(Source data)

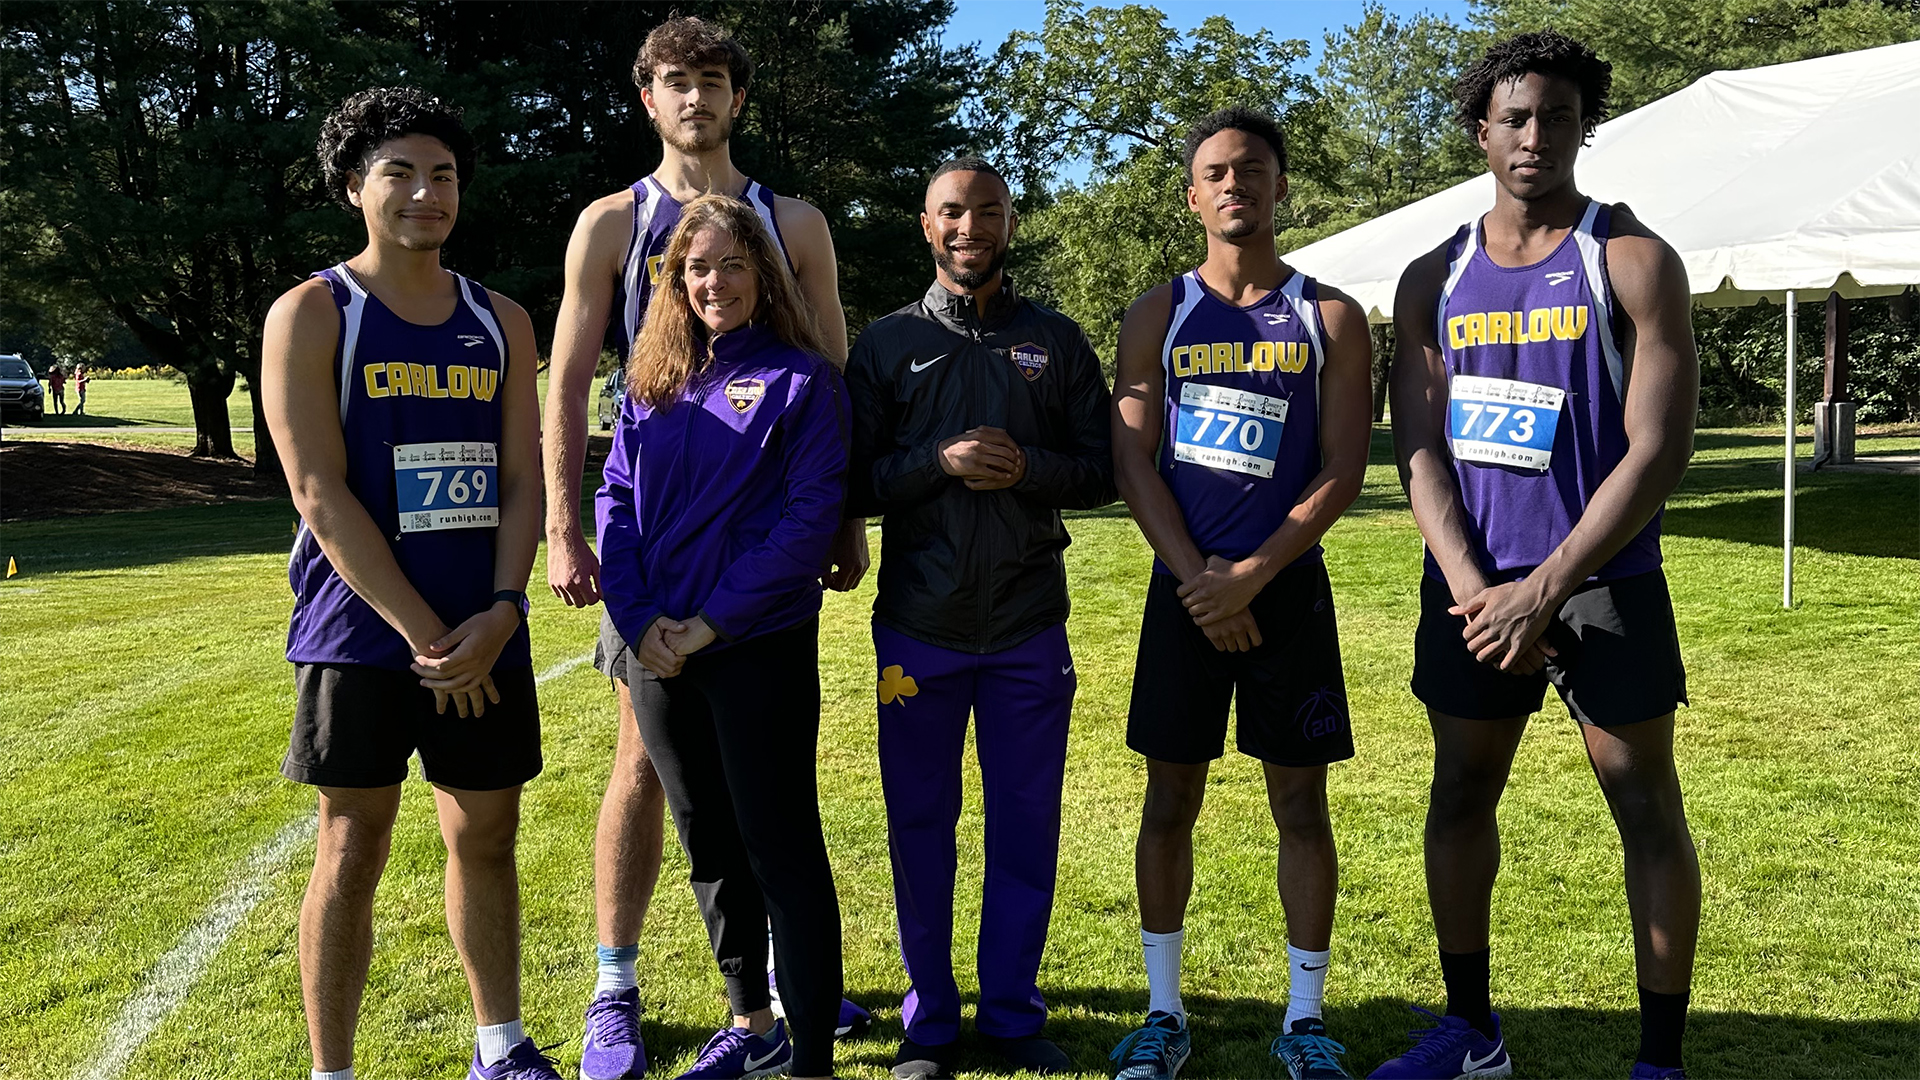 The men’s cross country team with head coach Ashley Soske. Photo courtesy of Ashley Soske.
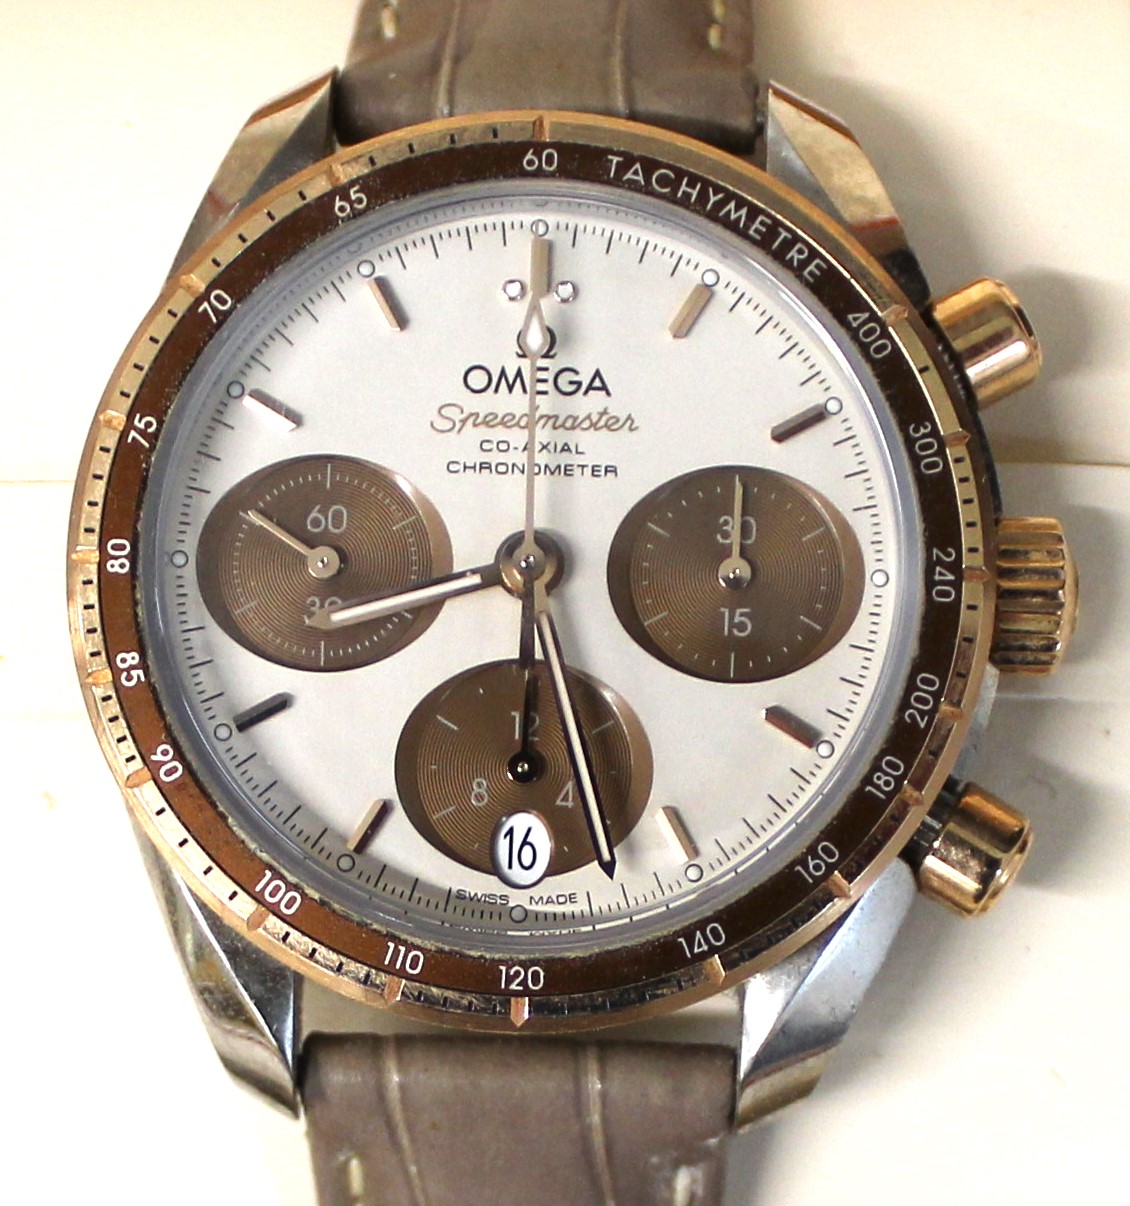 Gents Omega Speedmaster stainless steel wristwatch on leather strap, Reference no. 32423385002002,
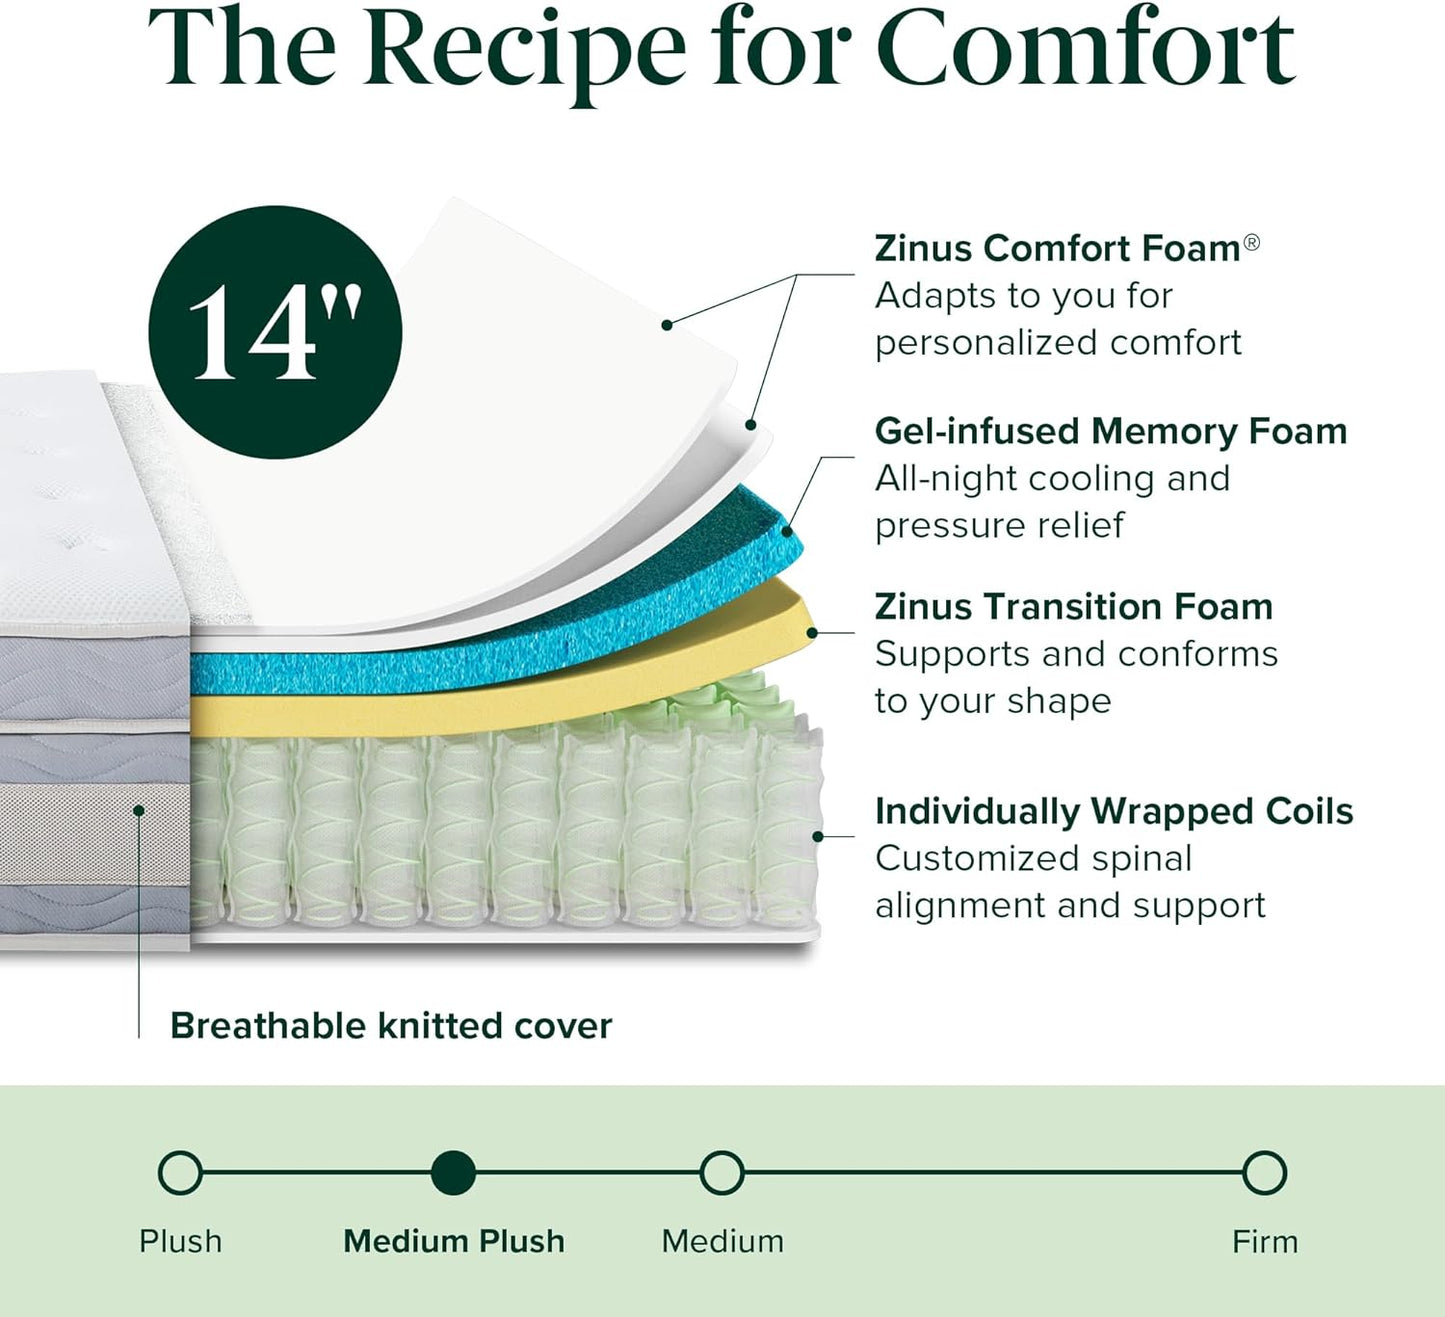 NEW - Zinus KING 14 Inch Cooling Comfort Support Hybrid Mattress [New Version], Fiberglass Free, Medium Plush, Cooling Motion Isolation, Certified Safe Foams & Fabric, Bed-in-A-Box, King - Retail $399

(End Source data)

» Exercise instructions: Every line above is to be reproduced verbatim, and the pictures are to be omitted.

» Exercise response:
 The men’s cross country team with head coach Ashley Soske. Photo courtesy of Ashley Soske.
 Gents Omega Speedmaster stainless steel wristwatch on leather strap, Reference no. 32423385002002,
 NEW - Zinus KING 14 Inch Cooling Comfort Support Hybrid Mattress [New Version], Fiberglass Free, Medium Plush, Cooling Motion Isolation, Certified Safe Foams & Fabric, Bed-in-A-Box, King - Retail $399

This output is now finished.